We also used ConSurf server; the nsSNPs that are located at highly conserved amino acid positions tend to be more deleterious than nsSNPs that are located at non-conserved sites. (supplemental figure 4 for ConSurf result, which is available at https://www.biorxiv.org/)
There were some studies that have been reported which show pathogenic nsSNPs that cause L1 syndrome (11, 70-78), which is corresponding with our results. It has been observed that L1CAM polymorphisms are associated in several types of human cancers (27-50, 79). Furthermore, this study confirm that (E1175K, Y784C, Y750S, D598N, C539G, G452R, G370R, P333R, W276R, C264Y, P240L and R184Q) SNPs are pathogenic, these results show similarities with the results found earlier in dbSNPs/NCBI database. Also all these SNPs were retrieved as untested (C57Y, A116G, A123T, L297V, N316S, N408K, G411R, G493R, Y682C, R755C, P816S, N825Y, N825K, N945I, R990C, L1132P, R1145C, R1145H, G1149R, and K1150R) were found to be all pathogenic.

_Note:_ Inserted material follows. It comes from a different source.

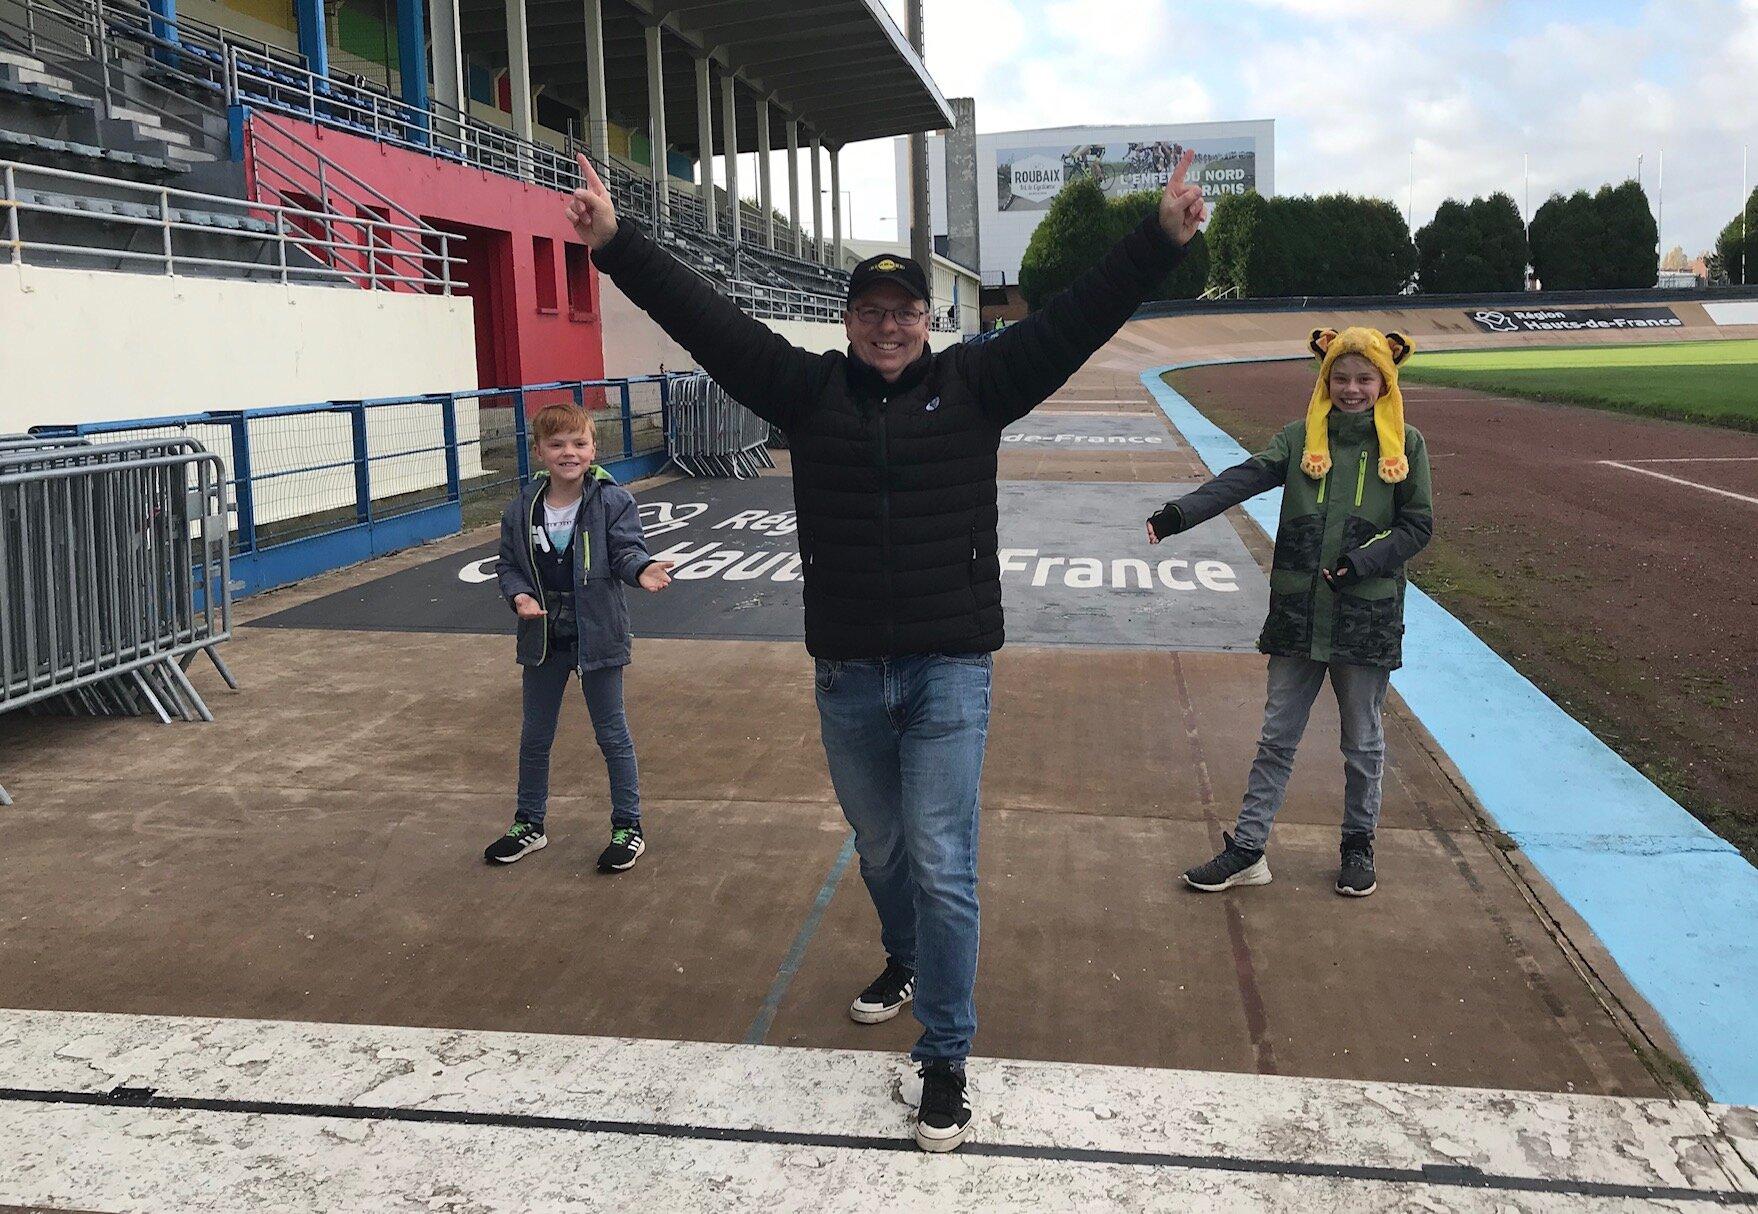 Roubaix Velodrome @ 12 Nov - Davide Browne (BiciSport Master) takes the victory salute at the Roubaix Velodrome

We also used Mutation3D server; (Figure 3) All SNPs in red (R184Q, P240L, C264Y, W276R, L297V and N316S) are clustered mutation. Significantly, such mutation clusters are abundant in human cancers (82) we think it is associated with breast cancer. Afflictions which can be considered cases of highly accelerated evolution within somatic tissues. Recent studies have revealed several molecular mechanisms of clustered mutagenesis. (83) While SNPs in blue (C57Y, A116G, A123T, P333R, G370R, N408K and G411R) and gray are covered and uncovered mutation respectively.
Different cellular functions are controlled by transcriptional regulation done by non-coding RNA molecules. Recently discovered class of non-coding RNA molecules is MicroRNA (miRNA) that are small non-coding RNA having function of activation and/or suppression of protein translation inside the cells at post-transcriptional level (84). In present study, we have predicted some targets miRNAs for L1CAM gene. we found that it has sites for (Has miR-4707-3p) and (hsa-miR-4763-3p) microRNA in the 3 UTR regions. And sites for (hsa-miR-3189-5p) and (hsa-miR-4743-5p) microRNA in the 5 regions. Which were noted to be conserved among different species indicating its significant role in the function of the final protein. This insight provides clue to wet-lab researches to understand the expression pattern of L1CAM gene and binding phenomenon of mRNA and miRNA upon mutation.
This study revealed 26 novel Pathological mutations that have a potential functional impact and may thus be used as diagnostic markers for L1 syndrome and can make an ideal target for tumor therapy (32, 80) properties of L1CAM, in addition to its cell surface localization, make it a potentially useful diagnostic marker for cancer progression and a candidate for anti-cancer therapy (39, 81). Finally some appreciations of wet lab techniques are suggested to support these findings.
5. Conclusion
A large number of different pathological L1CAM mutations have been identified. Therefore the confirmation of these nsSNPs in L1 syndrome was crucial by using Comprehensive bioinformatics analysis. These findings describe 26 novel L1 mutations which improve our understanding on genotype-phenotype correlation. And can be used as diagnostic markers for L1 syndrome and besides in cancer diagnosis.
Conflict of interest
The authors declare no conflict of interest.
Acknowledgment
The authors wish to acknowledgment the enthusiastic cooperation of Africa City of Technology -Sudan.